Support UPDATE and DELETE for tables. These cannot be used in transactions and are serialized along with INSERTs.
Add a framework for supporting transactional table operations that need to do writes based on the result of a read. This framework is designed to be serializable, and so is safe when used by multiple concurrent SQL sessions.
General transactions with interleaved reads and writes are not a goal. High performance under heavy concurrent load is not a goal.
UPDATE, DELETE, UPSERT, INSERT ON CONFLICT, and unique key constraints are similar operations: a read followed by a write depending on the results of the read:
We can add basic support for UPDATE and DELETE with a new plan node called ReadThenWrite that can be configured to do a read and then arbitrary behavior on its results. We can add support for the others at a later date.
ReadThenWrite is a node that performs a Peek at some time t1
.
Once the Peek has results ready, they are read and a set of diffs is produced which are sent at some time t2
where t1 < t2
.
In order to support our goal of strict serializability, we need to ensure that no writes to tables affected by ReadThenWrite happen between t1
and t2
.
Do this by teaching Insert and ReadThenWrite to serialize themselves by checking if another write has started and adding themselves to a queue if so, otherwise marking themselves as the in-progress write and continuing.
At transaction end, if the transaction's session is the in-progress write and there's a queued write, move the queued write to the coordinator's command queue, scheduling it for execution.
It is safe to use t2
as the write time since the serialization prevents writes to the read table between t1
and t2
, so the read is still correct as of t2
.
We can optimize performance Insert by having it delay checking for an in-progress write until its commit time. This allows for INSERT-only workloads to serialize by nature of the single-threaded coordinator, just like they do before this design document.
We want to prevent the case where one user opens a write transaction and forces all other write transactions for the first user to issue a COMMIT
.
The design above achieves this because INSERT only needs to serialize itself after the user has issued a COMMIT
statement, and ReadThenWrite has no user interaction between its read and write.
Additionally, ReadThenWrite must be excluded from (multi-statement) transactions.
In the initial design of this code, we relied on keeping track of the connection ID of the session that held the write lock as an Option<u32>
. If the write lock was...
Some
, only the connection with that ID was allowed to enter the critical sections; others had to enqueue themselves and wait to be dequeued by the lock's ownerNone
, entering the critical section saved the connection's ID as the connection holding the lock.When the connection holding the lock was leaving the critical section, it was responsible for dequeuing an operation that was awaiting the write lock.
A successive commit to this code, instead refactors the global write lock to use a Mutex
instead of an Option<u32>
because a Mutex
offers exactly the semantics we want to serialize writes:
While the mutex I chose comes from tokio::sync
, mutexes are well-known, well-tested, idiomatic tools from standard libraries of many programming languages, so using one has the advantage of giving us exactly what we want with very little work, and is generally less fallible than trying to hand-roll the same semantics using another implemenation.
By using a mutex, if the session holding the write lock gets dropped, the lock is released.
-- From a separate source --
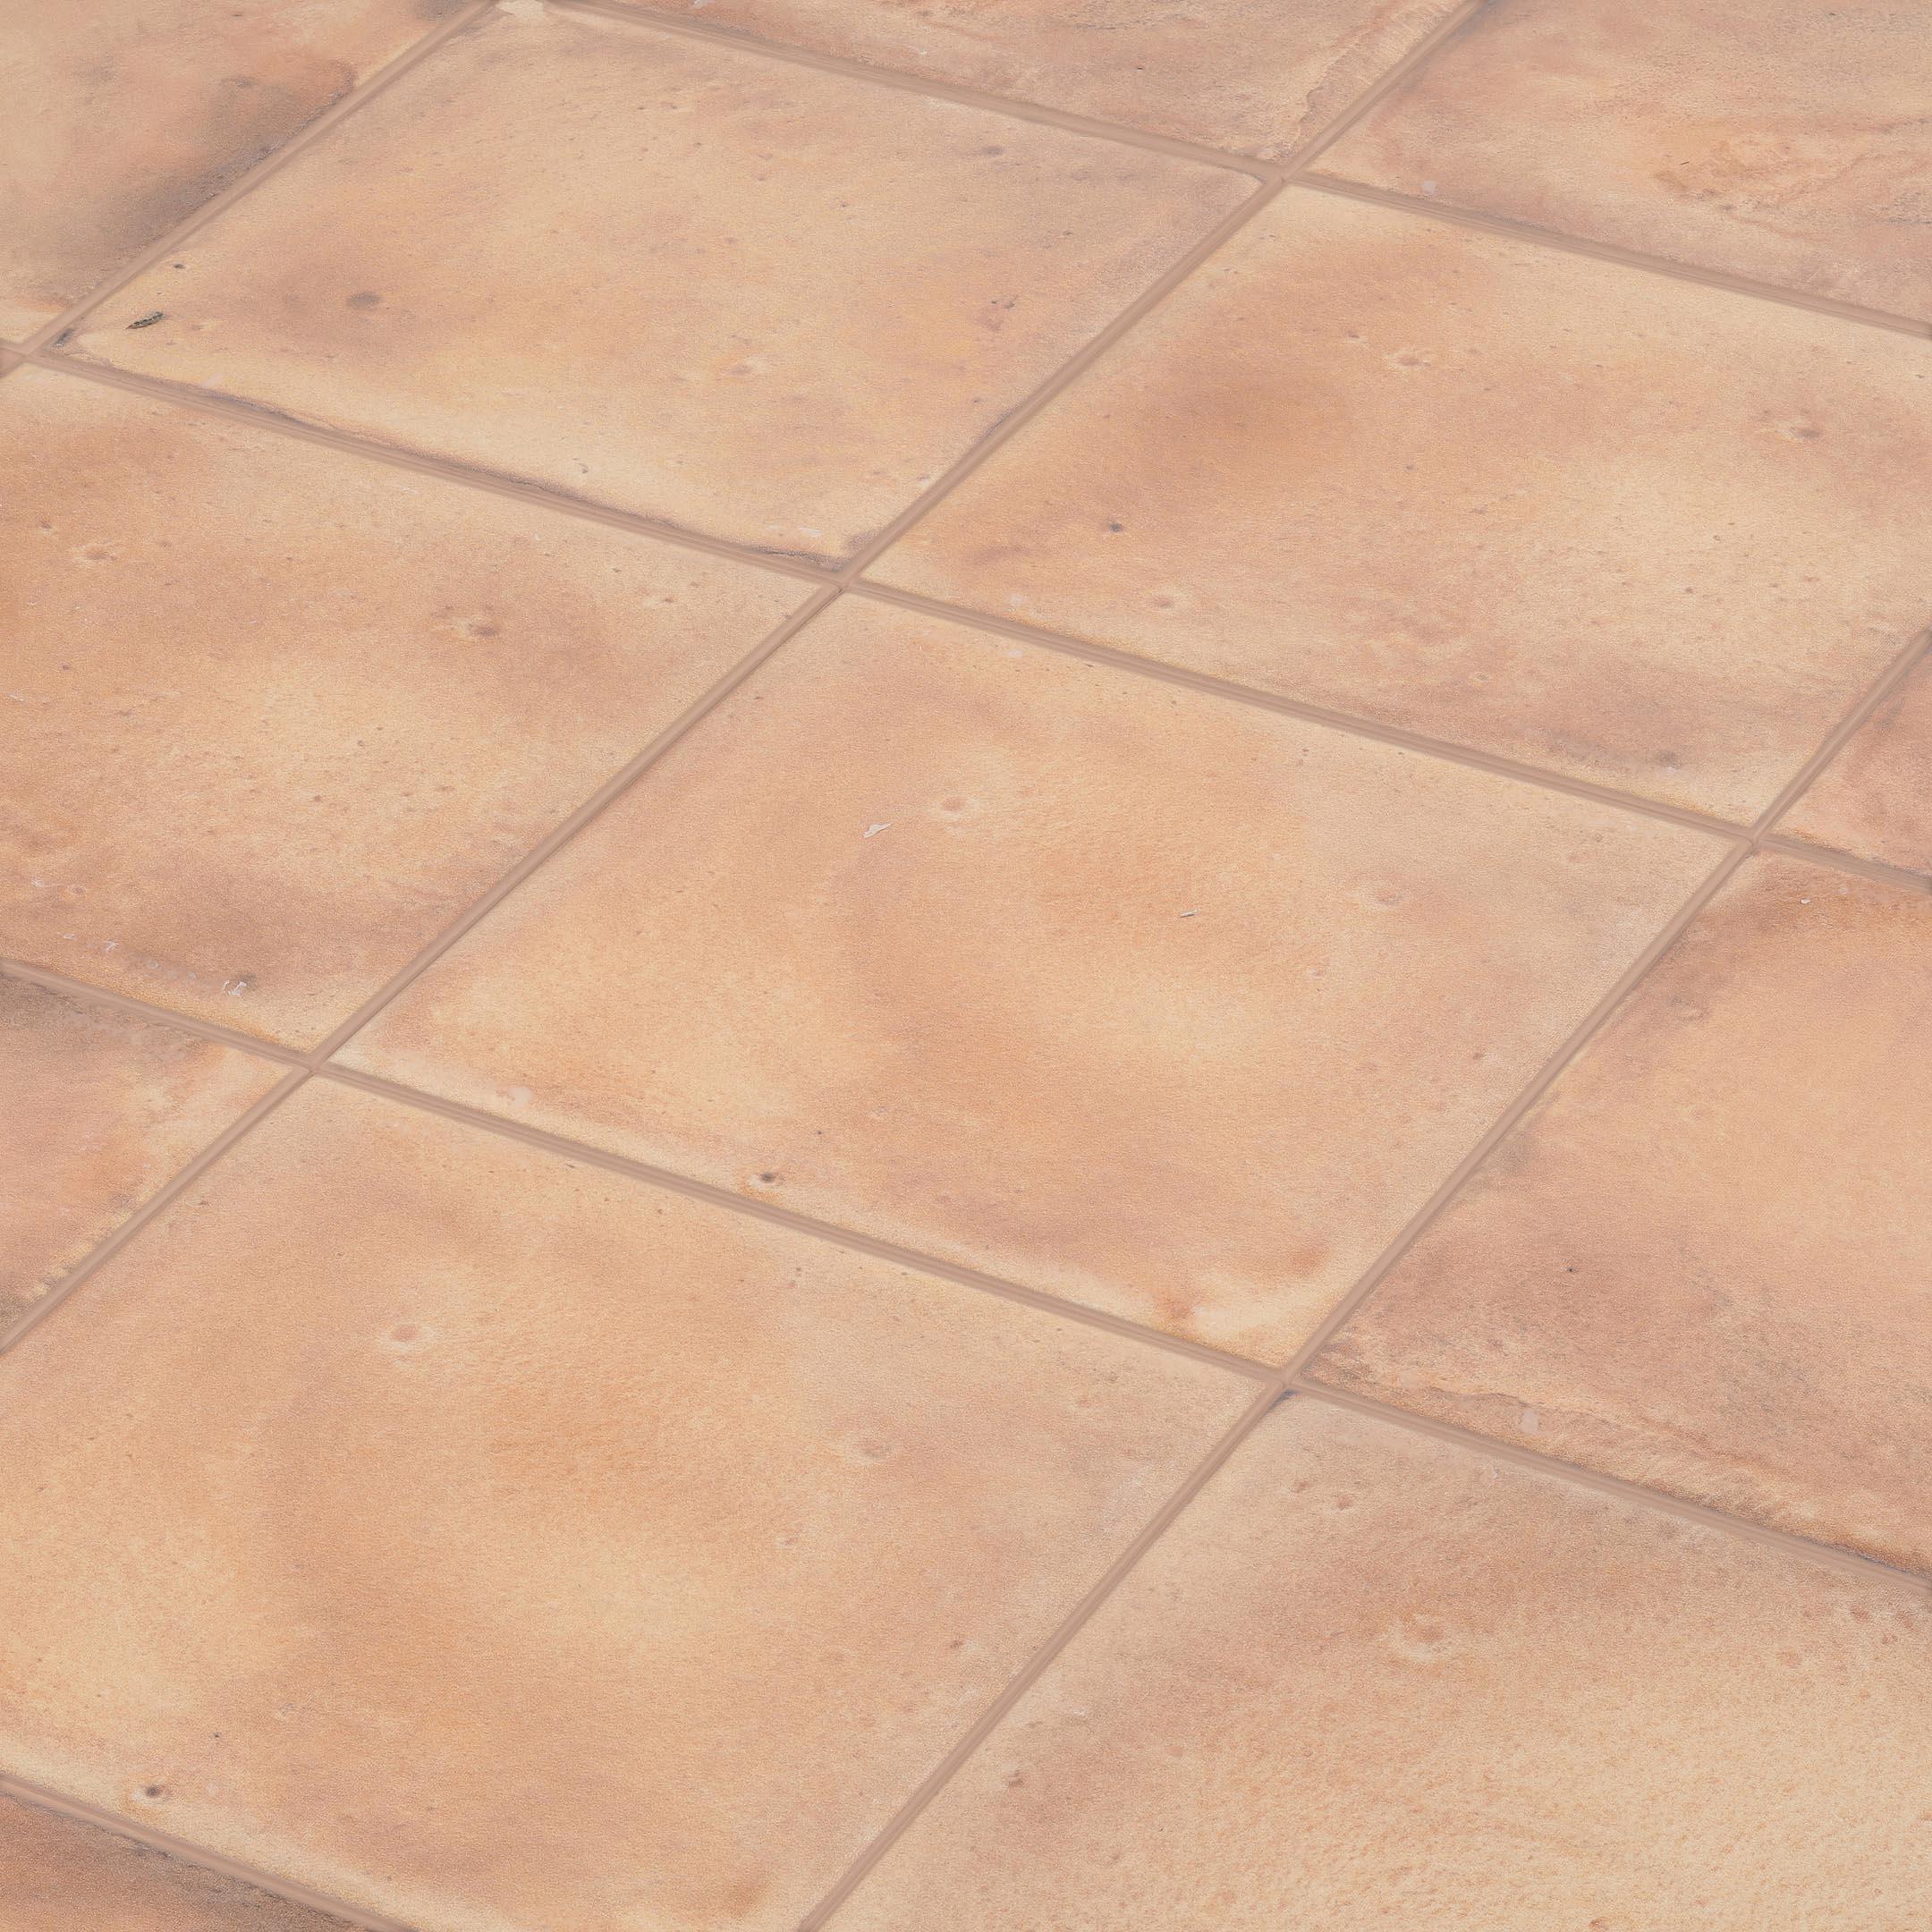 Плитка облицовочная Керамин Гранада 3С бежевый 200x200x7 мм (26 шт.=1,04 кв.м) плитка облицовочная керамин гранада 1с серый 200x200x7 мм 26 шт 1 04 кв м
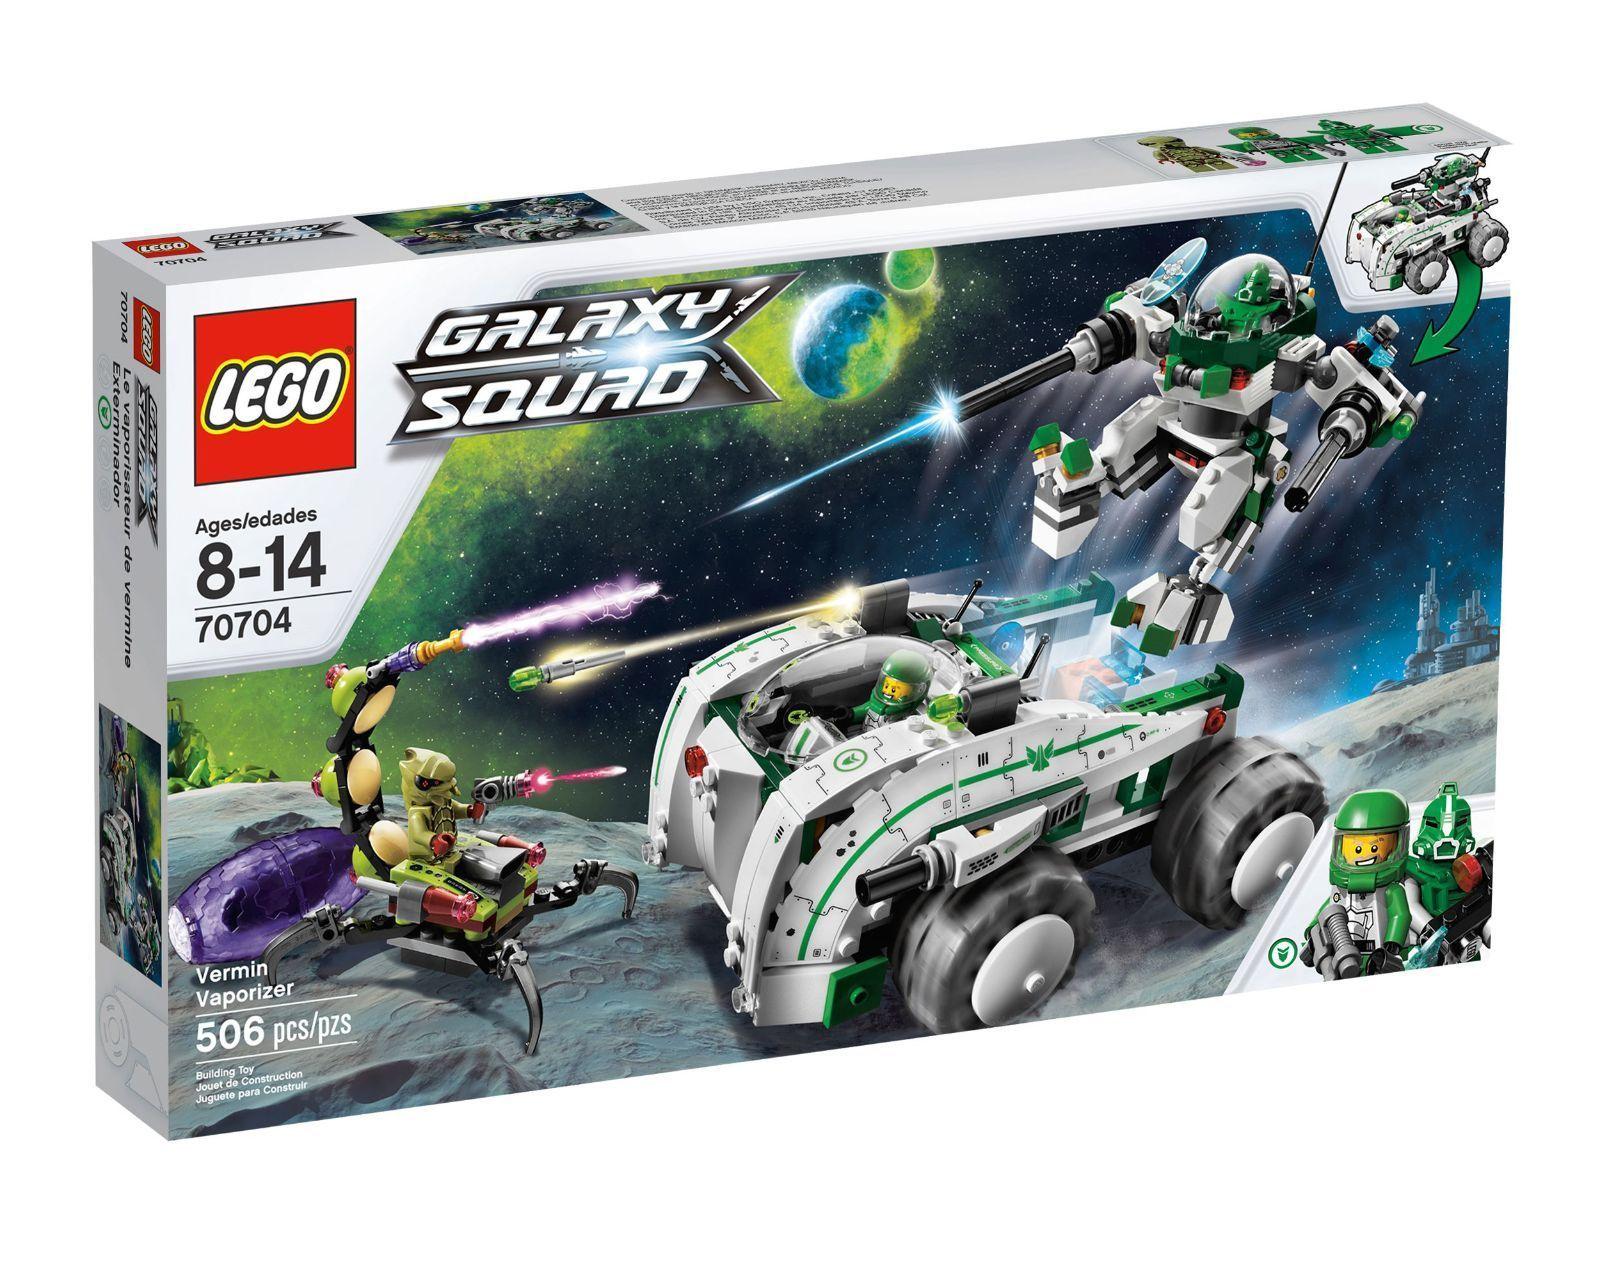 LEGO Galaxy Squad 70704 Vermin Vaporizer [New] Building Set Retired

To reach parity with the Option<u32>
approach, we would need to implement an "unlock" operation on Drop
, at which point we're basically handrolling a mutex.
Implementation
I chose tokio::sync::Mutex
because its documentation states:
[
tokio::sync::Mutex
's] lock guard is designed to be held across.await
points
And we want to hold this lock across at least one await
point during commits. There are more details in the documentation.
While this has a potential performance implication, performance is expressly not a goal of this code.
Where to put the mutex handle
@mjibson points out that the best place to place the mutex handle is on the session's inner transaction, which will naturally drop the write lock handle at the end of the transaction. This makes unlocking the mutex occur naturally and with no explicit unlocking code.
Deferred work
This iteration of the code works similarly to the prior version, where deferred work is placed on a VecDeque
. When an operation fails to obtain the lock, it's parked in a greenthread and uses internal_cmd_tx
to signal the lock's availability.
The previous iteration of this code removed the deferred work from the internal VecDeque
and sent the entire plan through internal_cmd_tx
. However, the mutex-backed implementation simply lets us send along the mutex's handle and lets the coordinator itself handle dequeuing the work and installing the handle on the appropriate session.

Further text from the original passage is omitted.